Я хочу показать небольшую группу людей, ее поведение в обществе, показать, каким образом, разрастаясь, она дает жизнь десяти, двадцати существам, на первый взгляд глубоко различным, но, как свидетельствует анализ, близко связанным между собой. наследственность, подобно силе тяготения, имеет свои законы.

Для разрешения двойного вопроса, о темпераментах и среде, я попытаюсь отыскать и проследить нить, математически ведущую от человека к человеку. И когда я соберу все нити, когда в моих руках окажется целая общественная группа, я покажу ее в действии, как участника исторической эпохи, я создам ту обстановку, в которой выявится сложность взаимоотношений, я проанализирую одновременно и волю каждого из ее членов и общий напор целого.

Ругон-Маккары, та группа, та семья, которую я собираюсь изучать, характеризуется безудержностью вожделений, мощным стремлением нашего века, рвущегося к наслаждениям. В физиологическом отношении они представляют собой медленное чередование нервного расстройства и болезней крови, проявляющихся из рода в род, как следствие первичного органического повреждения; они определяют, в зависимости от окружающей среды, чувства, желания и страсти каждой отдельной личности – все естественные и инстинктивные проявления человеческой природы, следствия которых носят условные названия добродетелей и пороков. Исторически эти лица выходят из народа, они рассеиваются по всему современному обществу, добиваются любых должностей в силу того глубоко современного импульса, какой получают низшие классы, пробивающиеся сквозь социальную толщу. Своими личными драмами они повествуют о Второй империи, начиная от западни государственного переворота и кончая седанским предательством.

В течение трех лет я собирал материалы для моего большого труда, и этот том был уже написан, когда падение Бонапарта, которое нужно было мне как художнику и которое неизбежно должно было по моему замыслу завершить драму, – на близость его я не смел надеяться, – дало мне жестокую и необходимую развязку. Итак, мой труд закончен, он движется в замкнутом кругу; он превращается в картину умершего царствования, необычайной эпохи безумия и позора.
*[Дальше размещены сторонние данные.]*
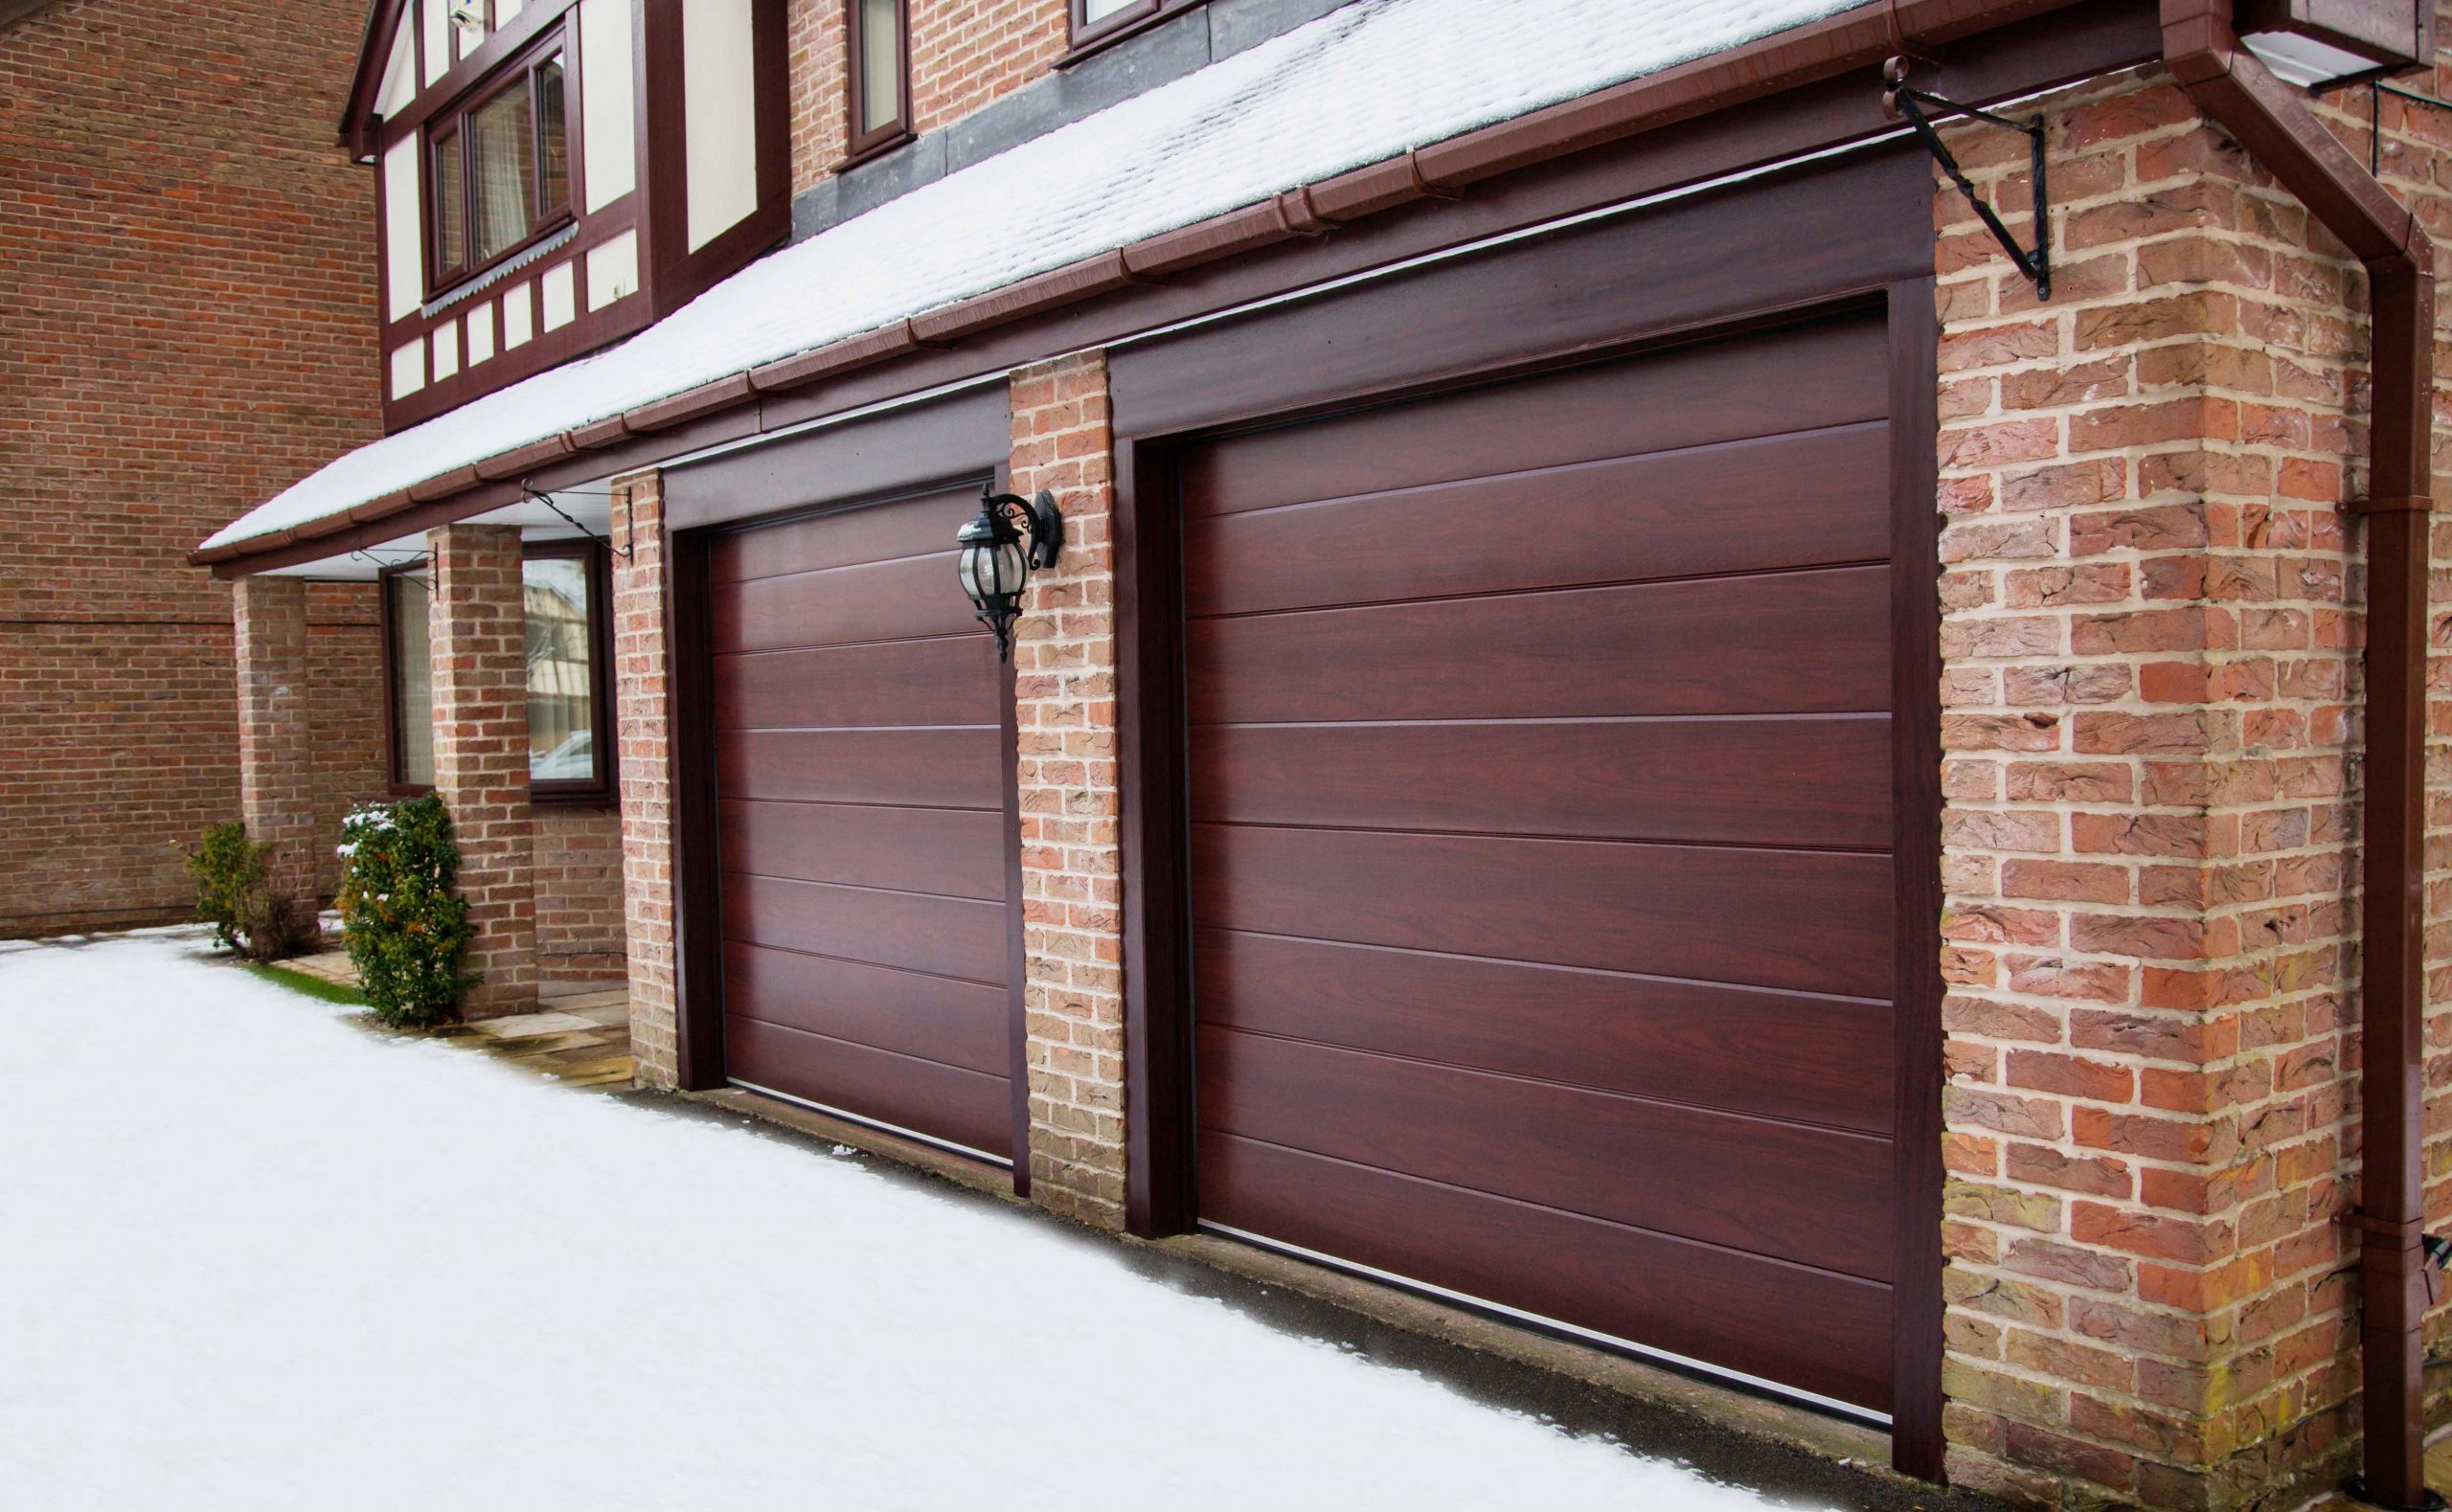 Creatice How Much Is A Commercial Garage Door with Simple Decor

Этот труд, включающий много эпизодов, является в моем представлении естественной и социальной историей одной семьи в эпоху Второй империи. И первый из эпизодов, «Карьера Ругонов», имеет научное название «Происхождение».

Эмиль Золя Париж, 1 июля 1871 года.

Эмиль Золя
Экспериментальный роман (Отрывки)

<...> Прежде всего напрашивается следующий вопрос: возможен ли эксперимент в литературе? Ведь до сих пор в ней применялось только наблюдение. <… >

Я не имею возможности следовать за Клодом Бернаром [14]14
  Клод Бернар (1813—1878) – французский физиолог. Э. Золя в своей статье излагает концепцию книги К. Бернара «Введение к изучению экспериментальной медицины», приспосабливая его экспериментальный метод к задачам литературы.


[Закрыть]
в его разборе различных определений эксперимента и наблюдения, существовавших до сего времени. Как я уже говорил, он приходит к заключению, что, по сути дела, эксперимент есть сознательно вызванное наблюдение. <… > В общем, можно сказать, что наблюдение «показывает», а эксперимент «учит».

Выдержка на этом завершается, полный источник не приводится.